**DATA EXTRACT:**
:::
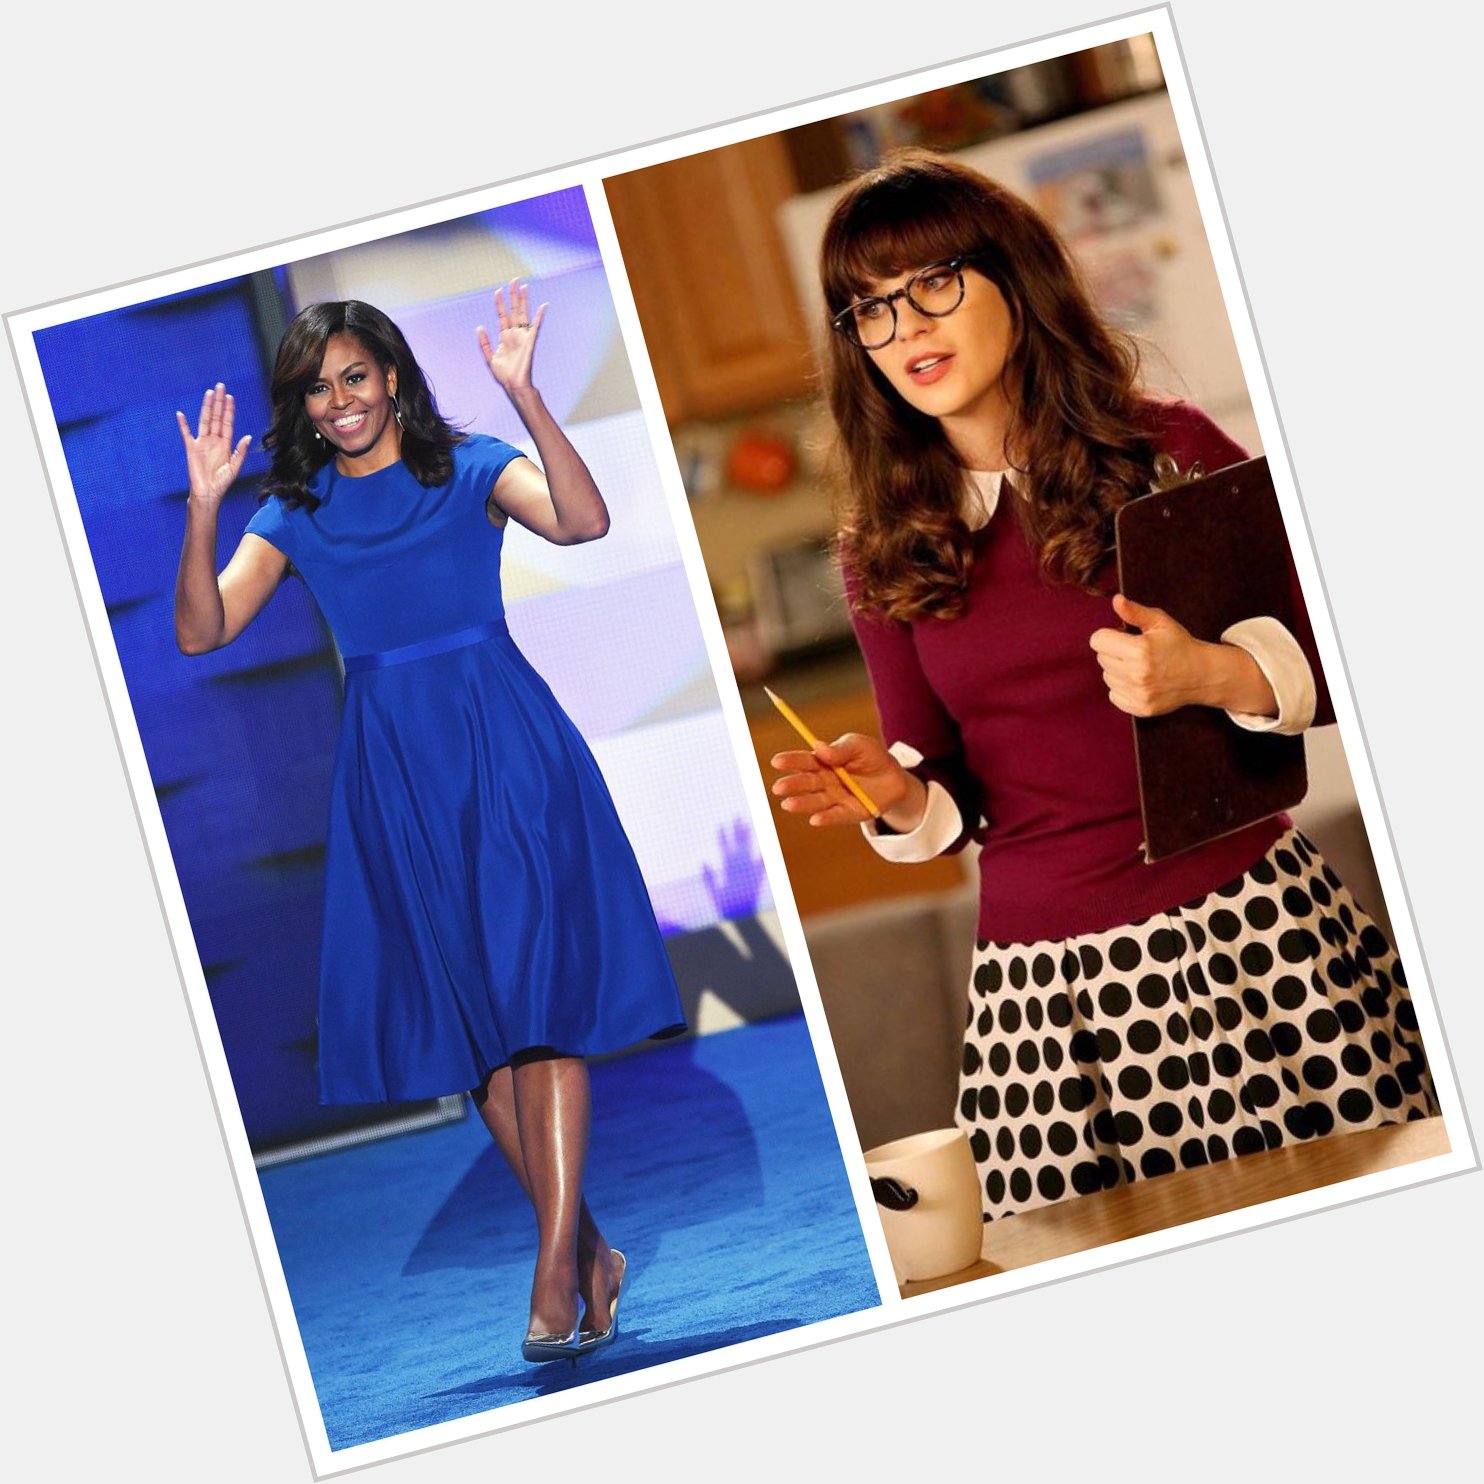 If Michelle Obama and Zooey Deschanel had a lovechild, it would be me. Happy Birthday to us all! 
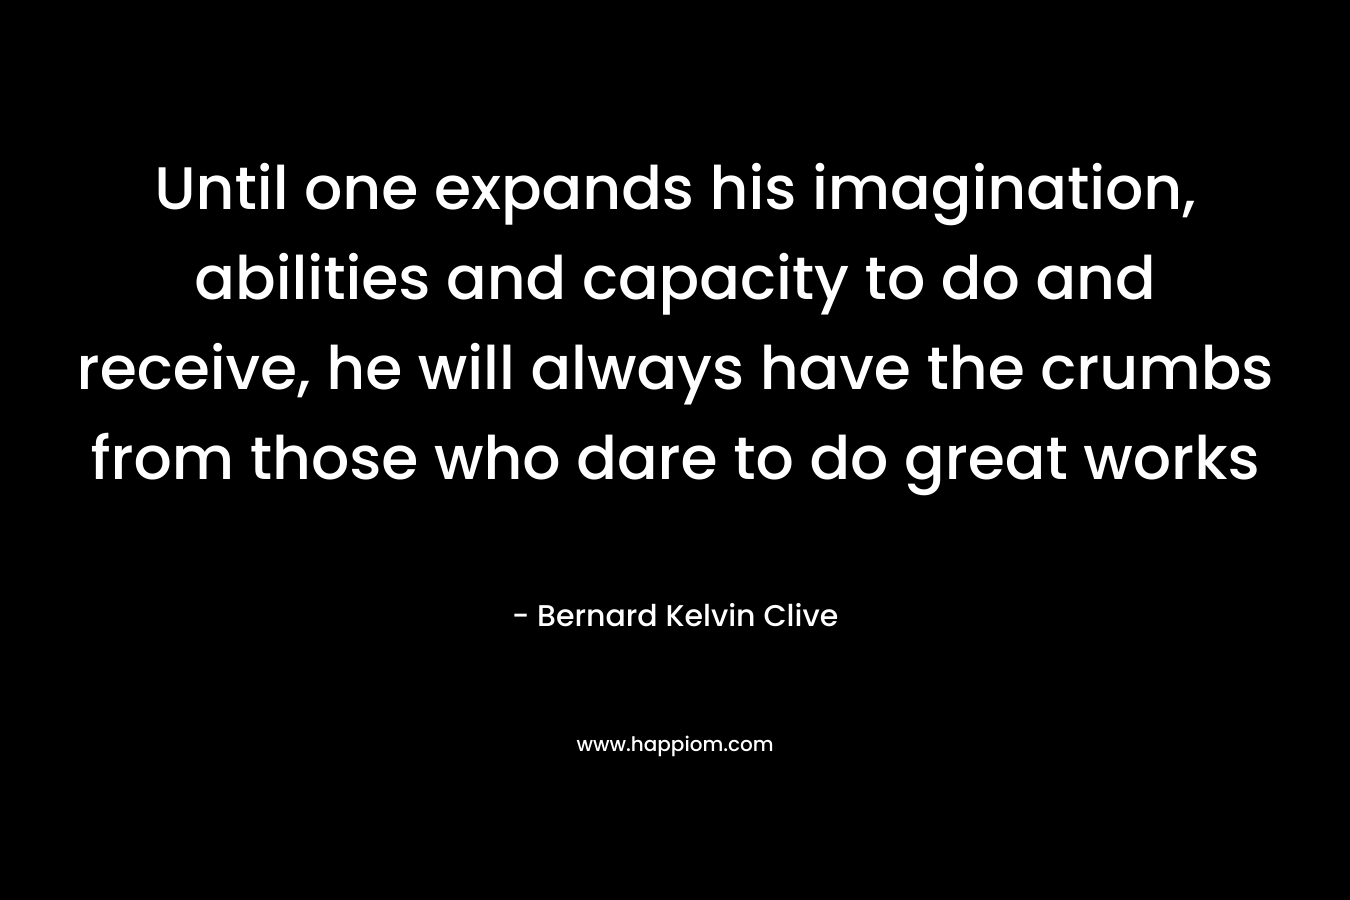 Until one expands his imagination, abilities and capacity to do and receive, he will always have the crumbs from those who dare to do great works
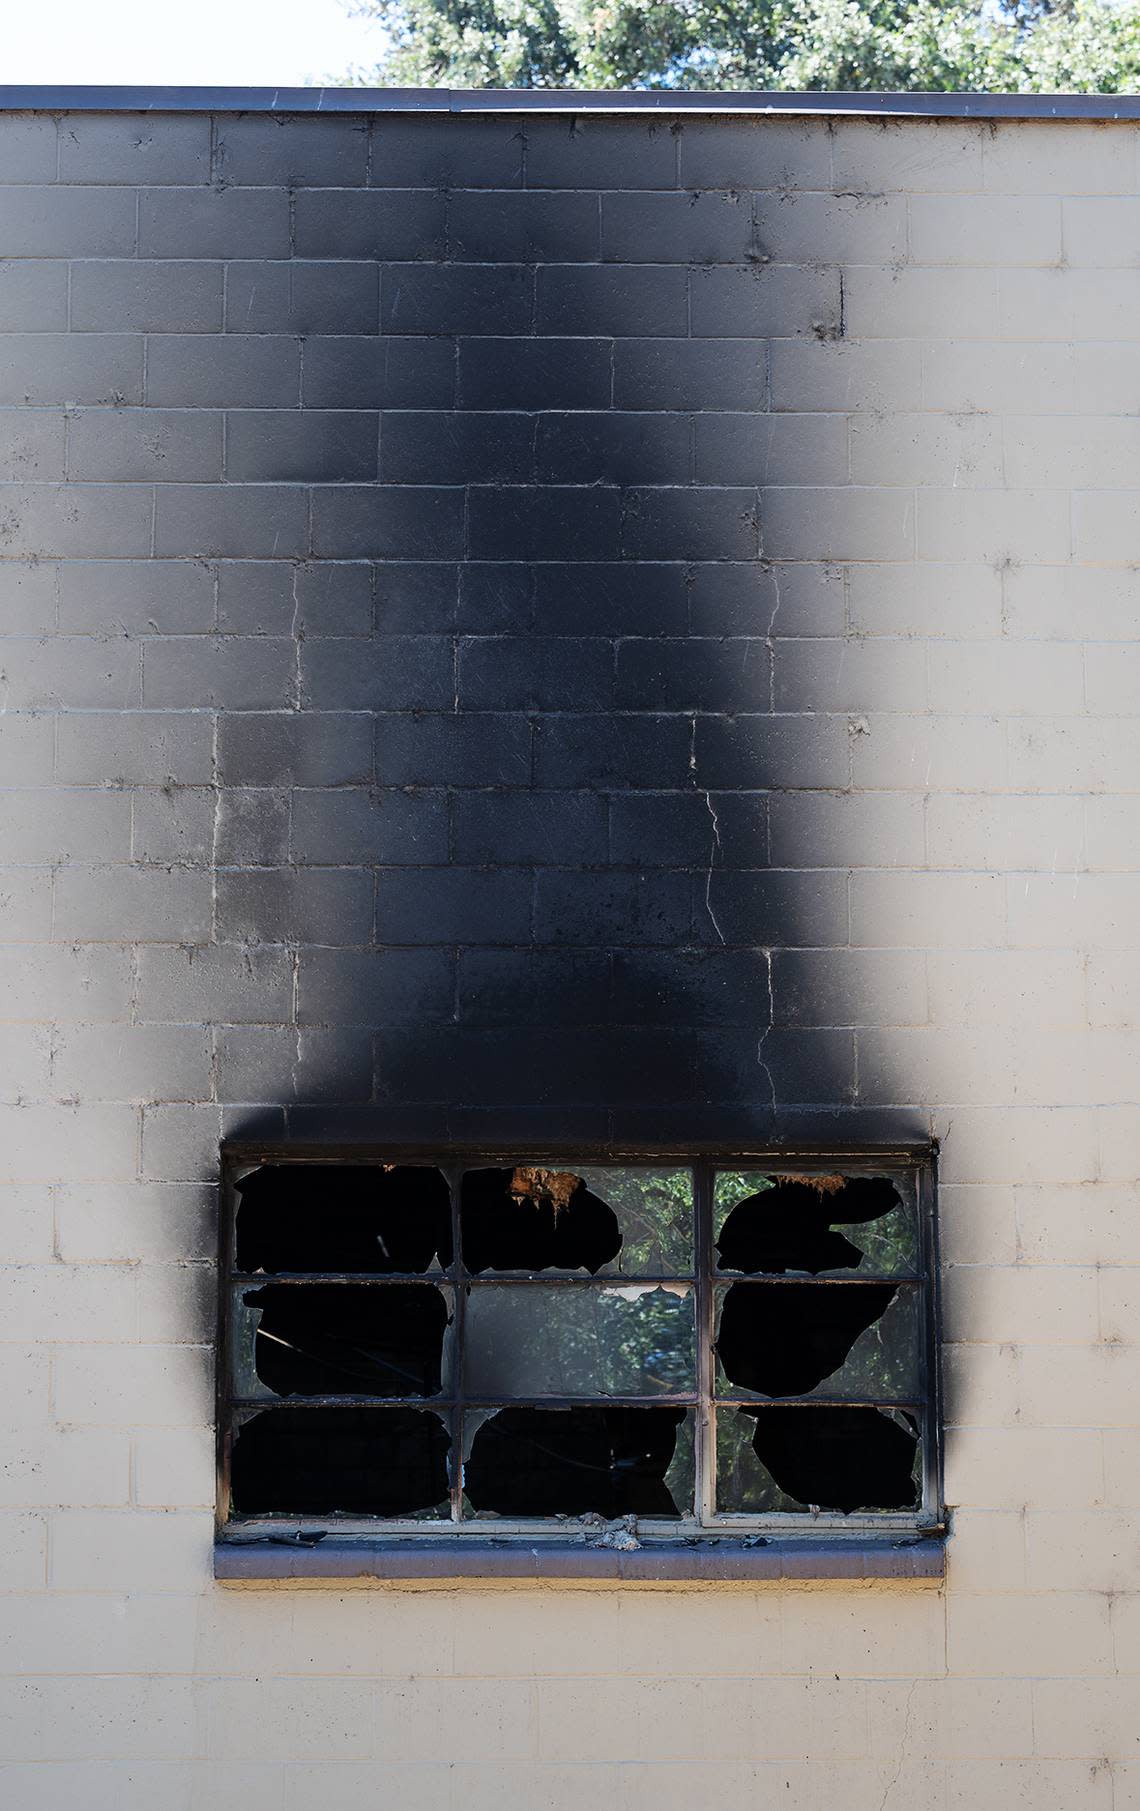 An early morning fire destroyed the American Legion Memorial Hall in Tuolumne River Regional Park in Modesto, Calif., on Thursday, July 21, 2022.
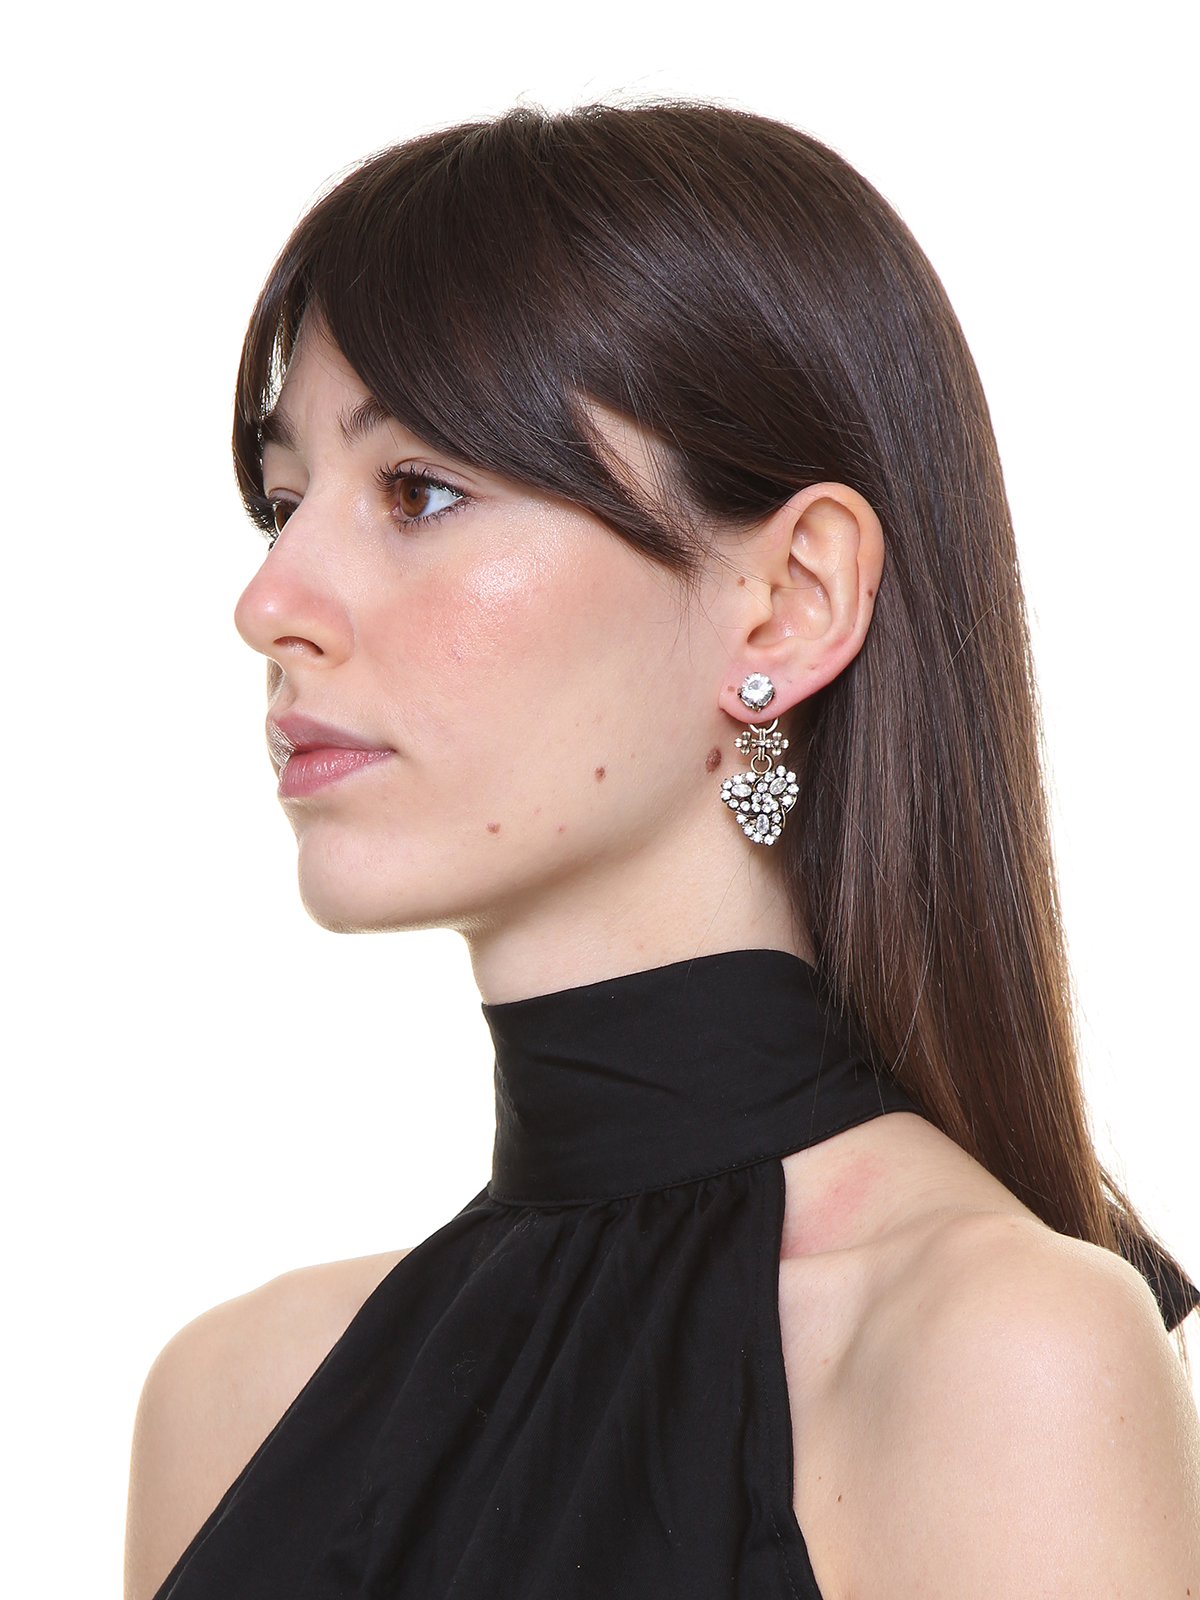 Pendent earrings with crystal petals
:::
**WORK TO COMPLETE:** Return every line above exactly, omitting images.

**RESPONSE BOX:**
 If Michelle Obama and Zooey Deschanel had a lovechild, it would be me. Happy Birthday to us all! 
 Until one expands his imagination, abilities and capacity to do and receive, he will always have the crumbs from those who dare to do great works
 An early morning fire destroyed the American Legion Memorial Hall in Tuolumne River Regional Park in Modesto, Calif., on Thursday, July 21, 2022.
 Pendent earrings with crystal petals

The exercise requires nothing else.